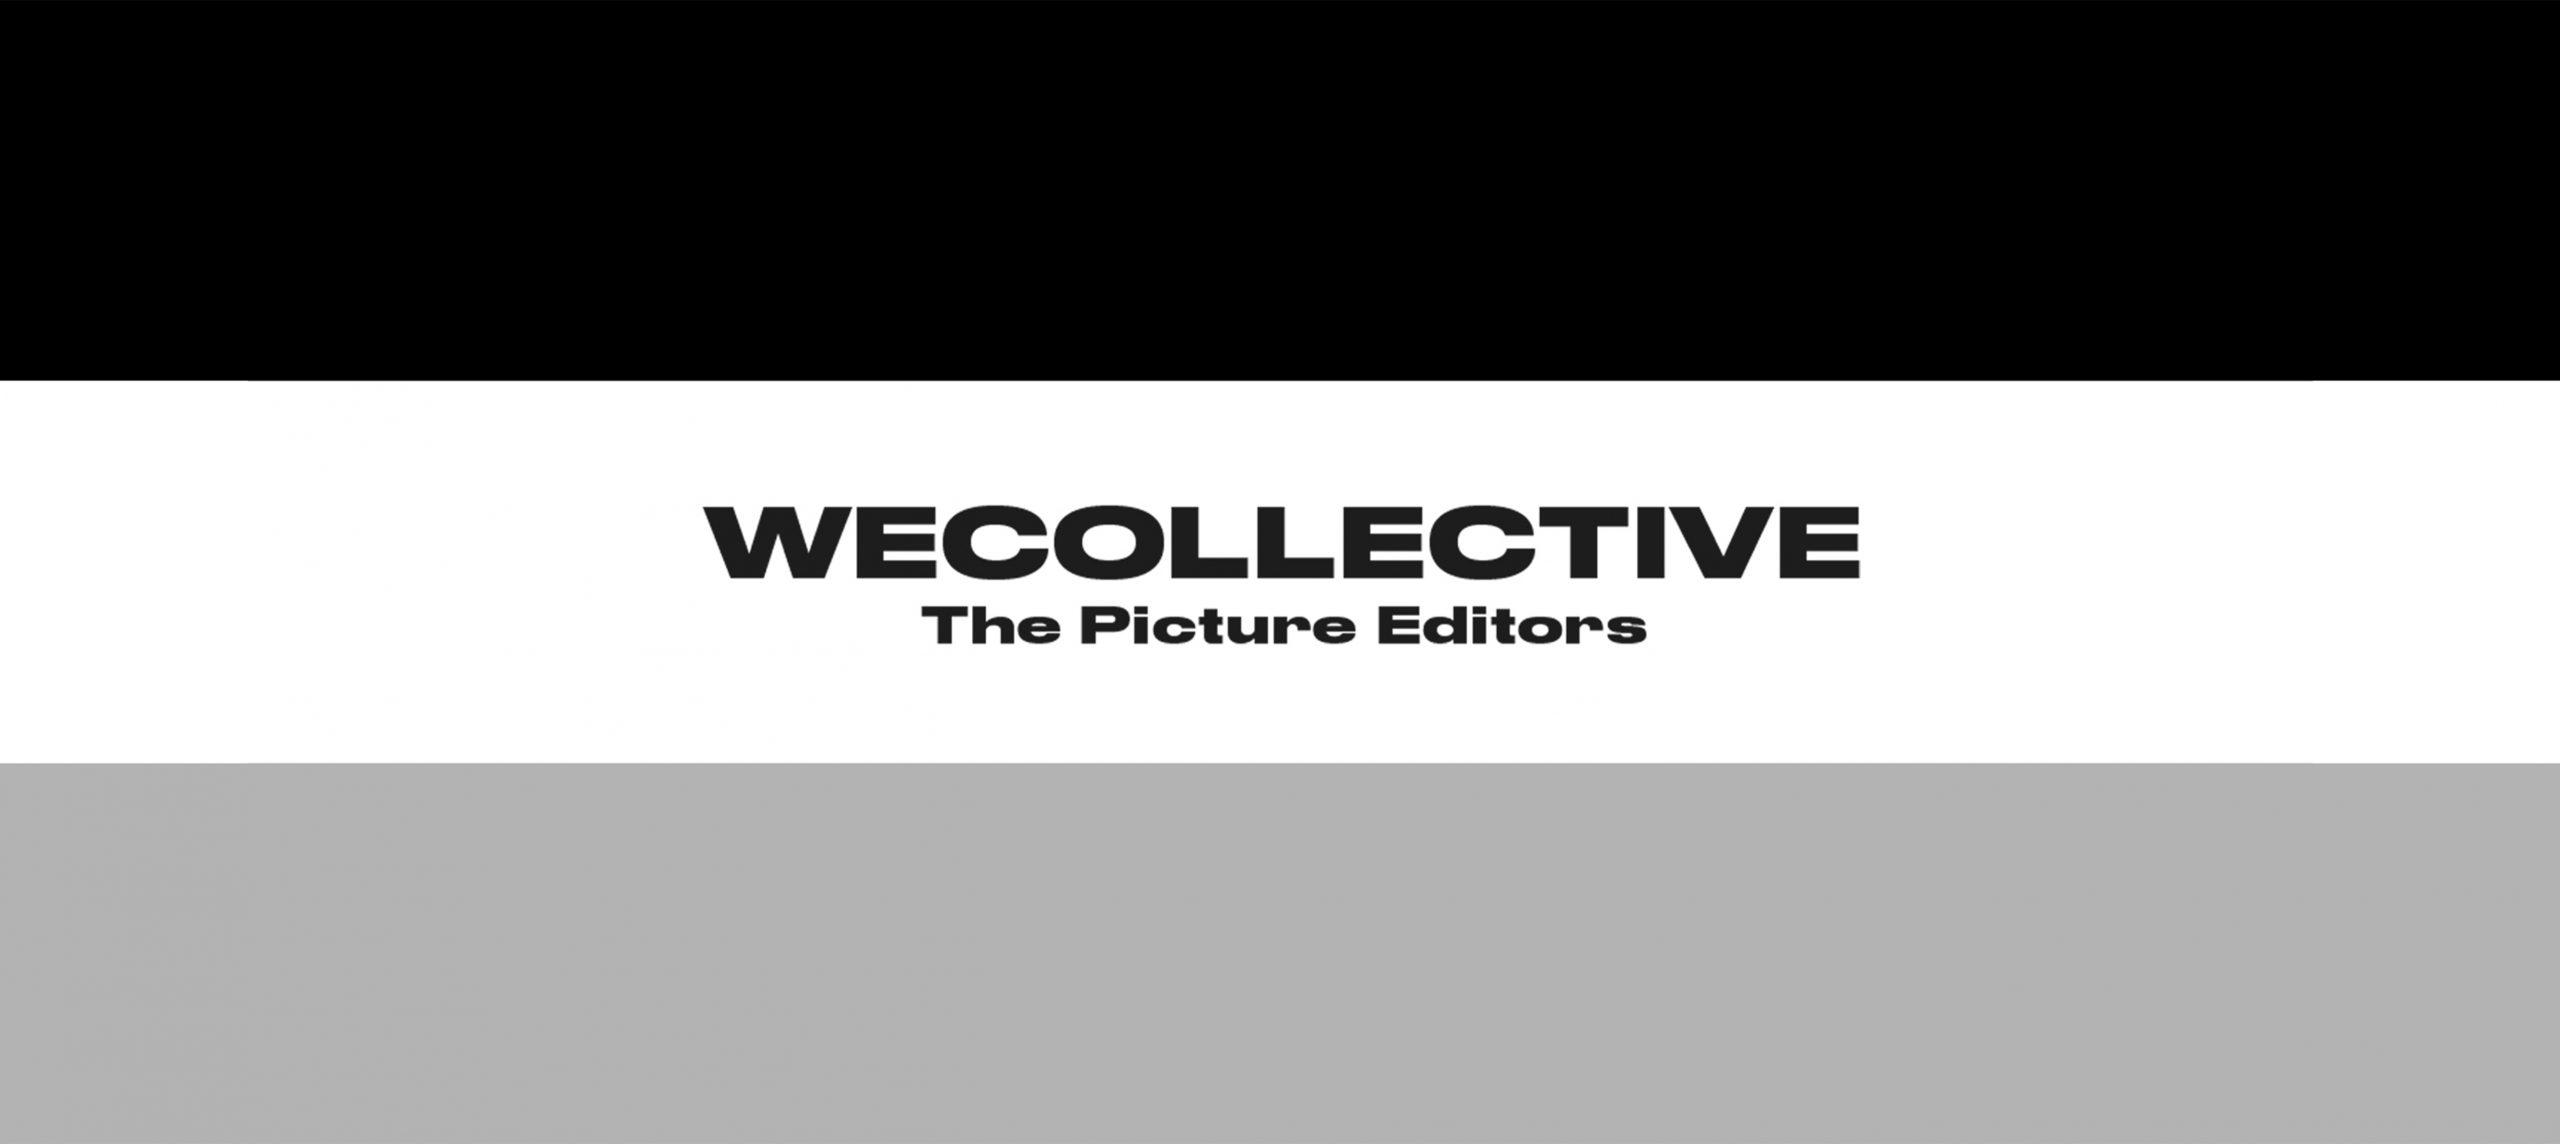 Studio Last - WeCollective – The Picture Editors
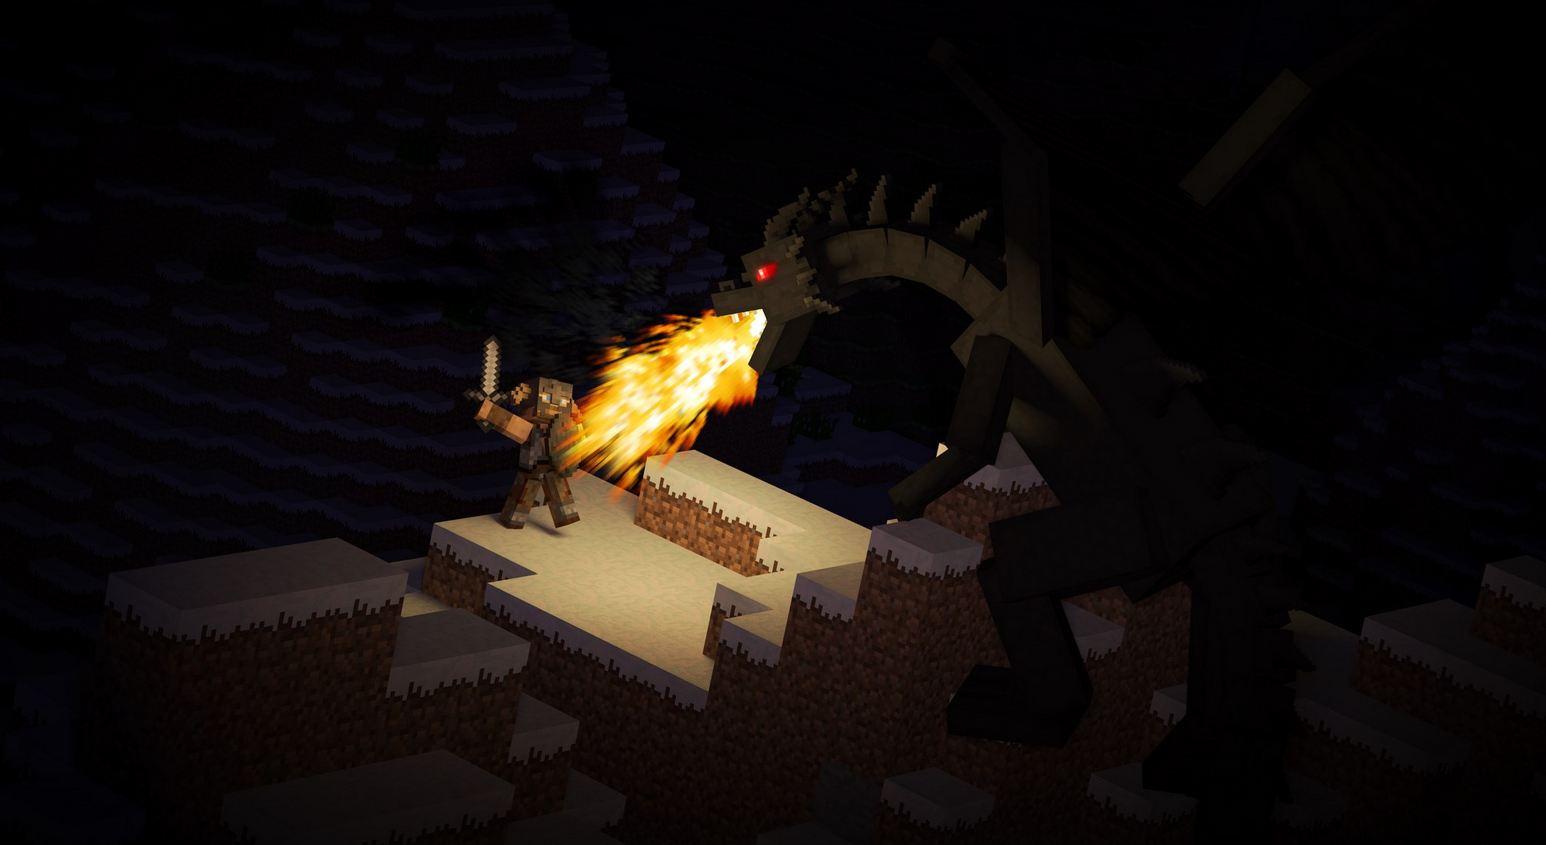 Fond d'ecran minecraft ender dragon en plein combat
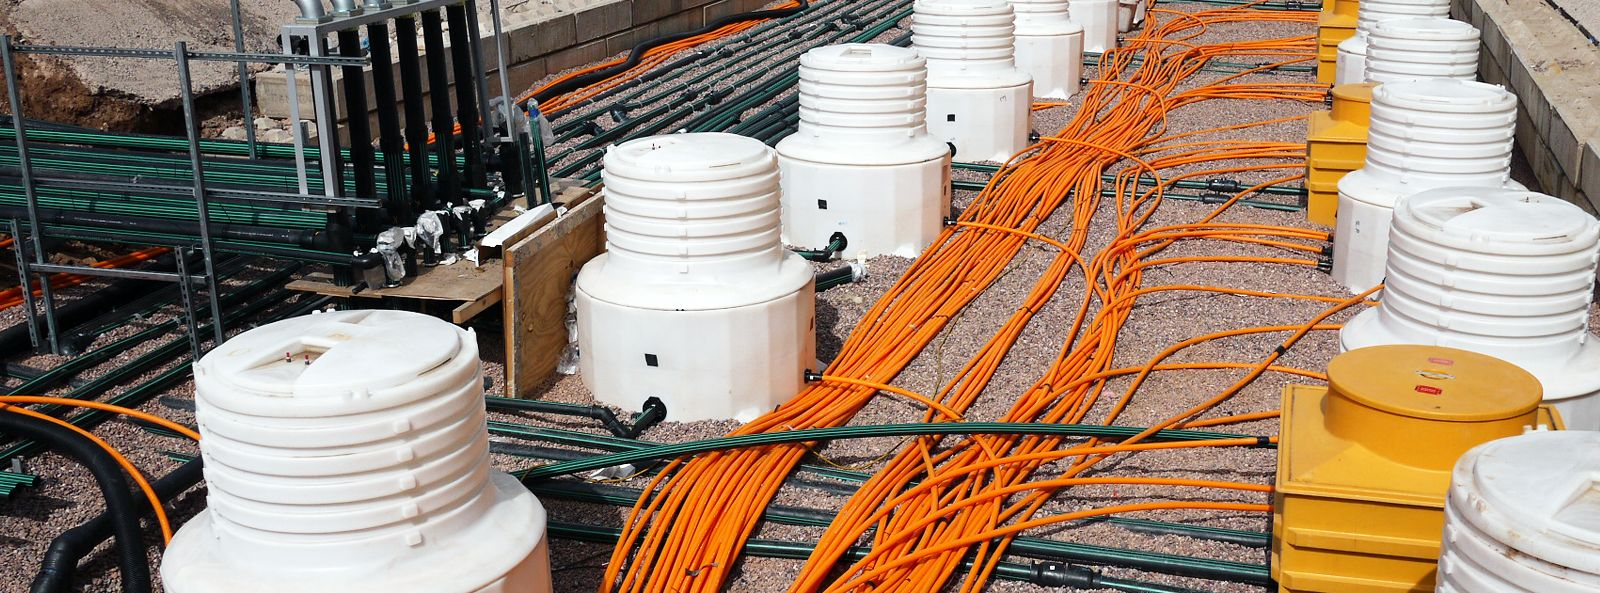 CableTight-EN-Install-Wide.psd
##########
> **AIM OF THE TASK**: Would you retype exactly the lines running from the line that contains "Fond d'ecran minecraft" through the end of the listing above, both included? Skip every picture.

> **SOLUTION FOR THIS TASK**:
 Fond d'ecran minecraft ender dragon en plein combat
 CableTight-EN-Install-Wide.psd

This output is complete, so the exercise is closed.